* **Assigned task**: Below are the entries. Transcribe exactly the lines from the one with "7 Spiritual Meanings" through the one with "What Happened To", ends included, and leave out all others.

* **Information**:
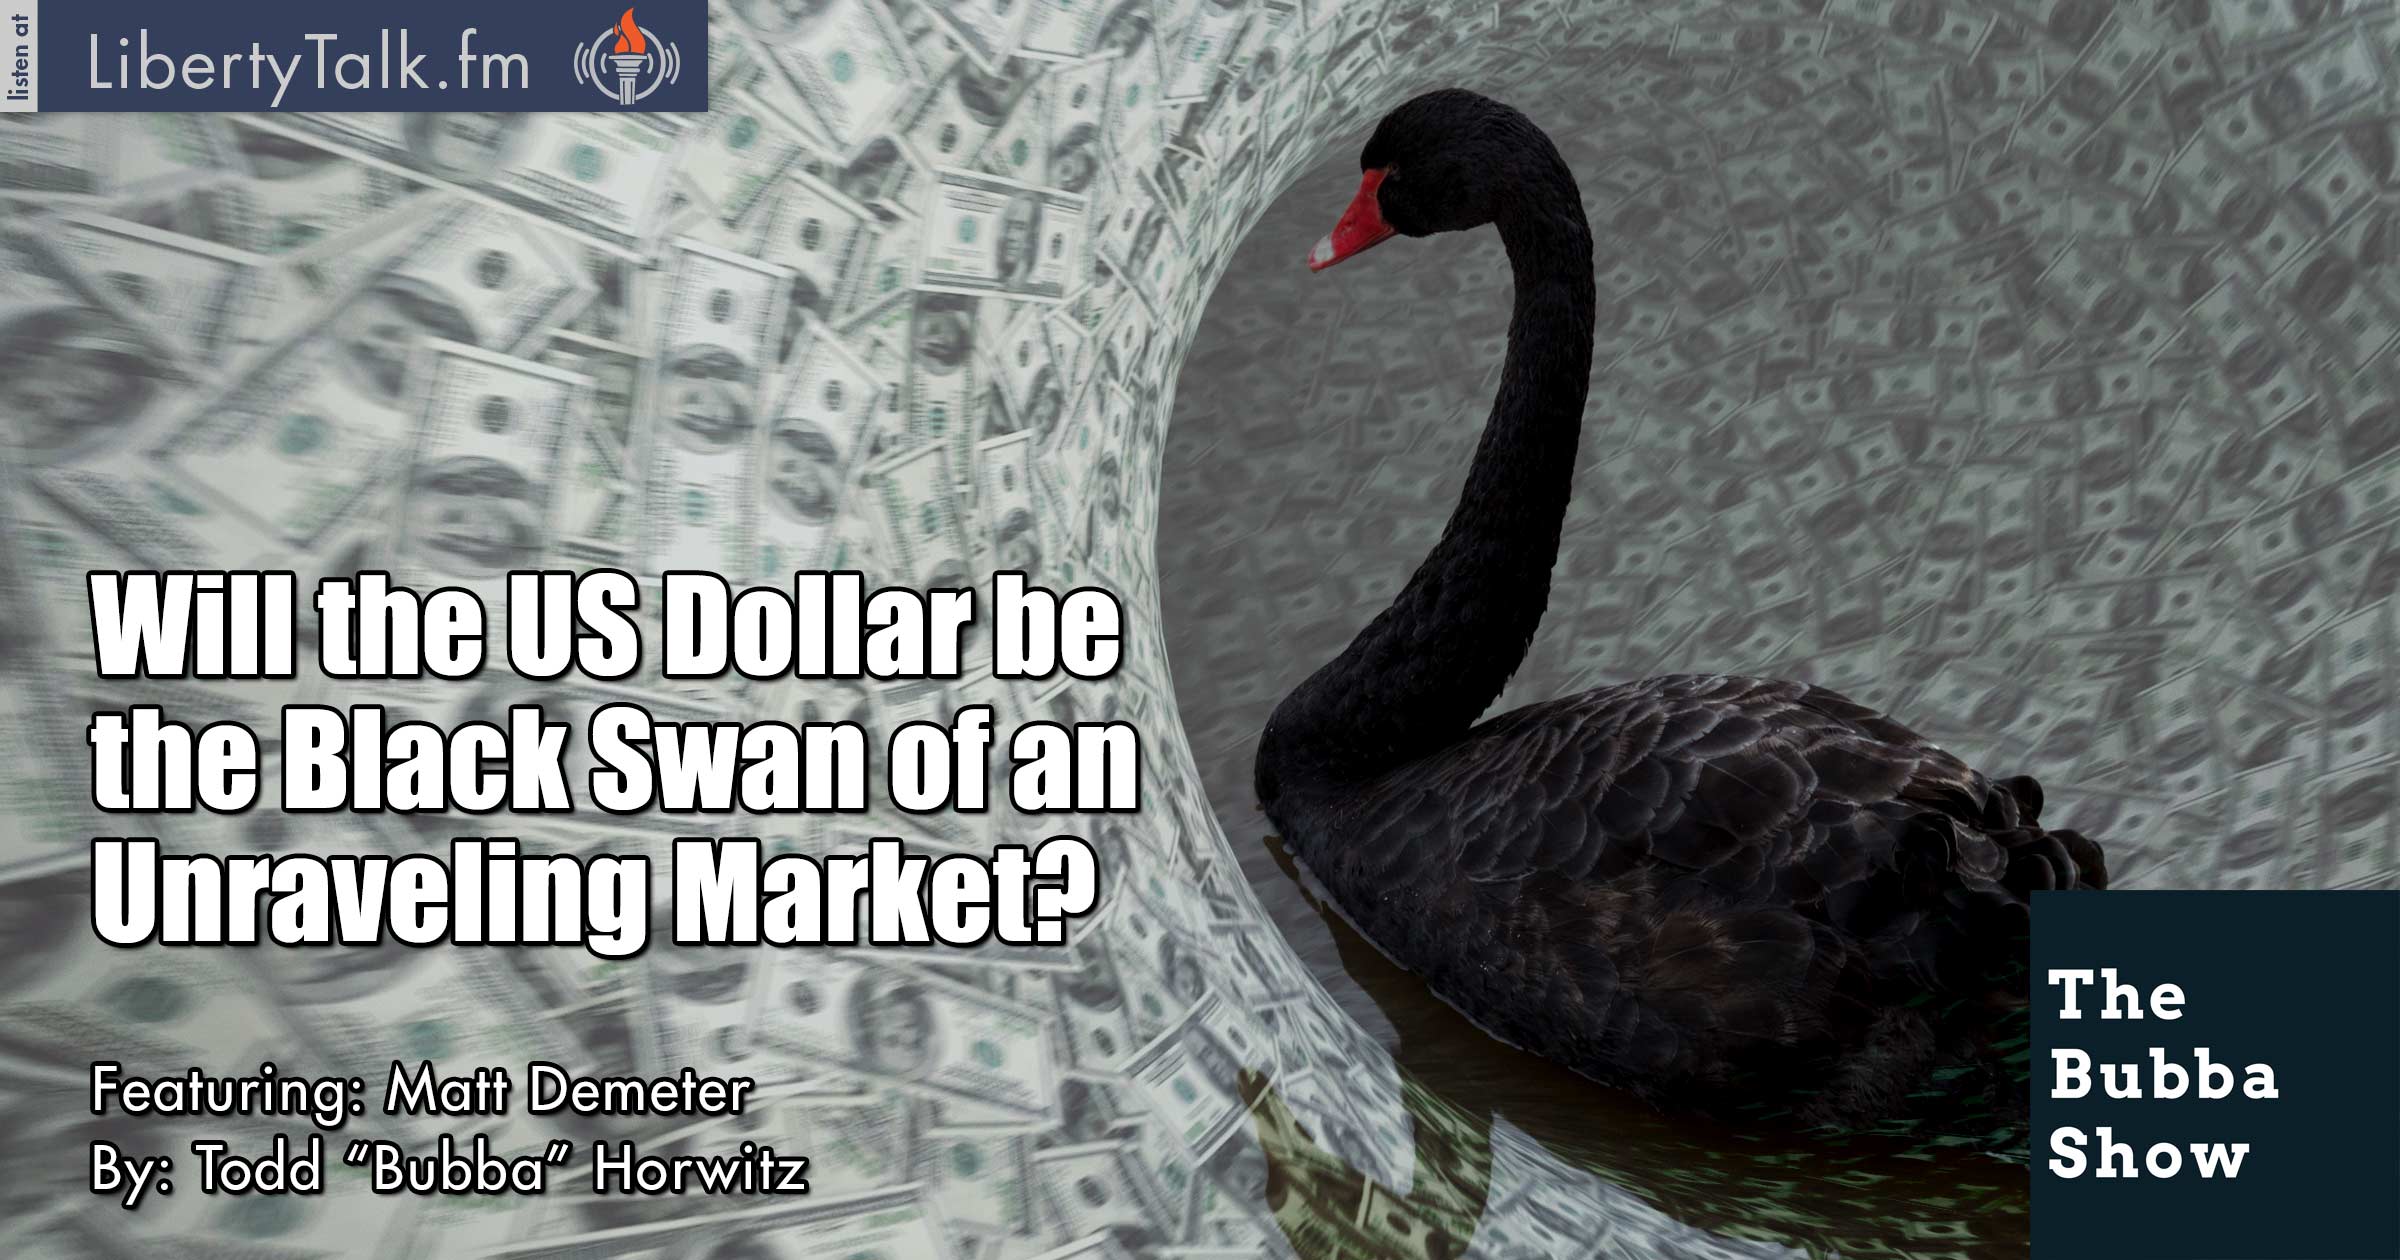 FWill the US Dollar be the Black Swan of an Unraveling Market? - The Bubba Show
* * *
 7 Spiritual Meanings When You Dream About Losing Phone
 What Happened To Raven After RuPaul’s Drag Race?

* **Response area**:
 7 Spiritual Meanings When You Dream About Losing Phone
 What Happened To Raven After RuPaul’s Drag Race?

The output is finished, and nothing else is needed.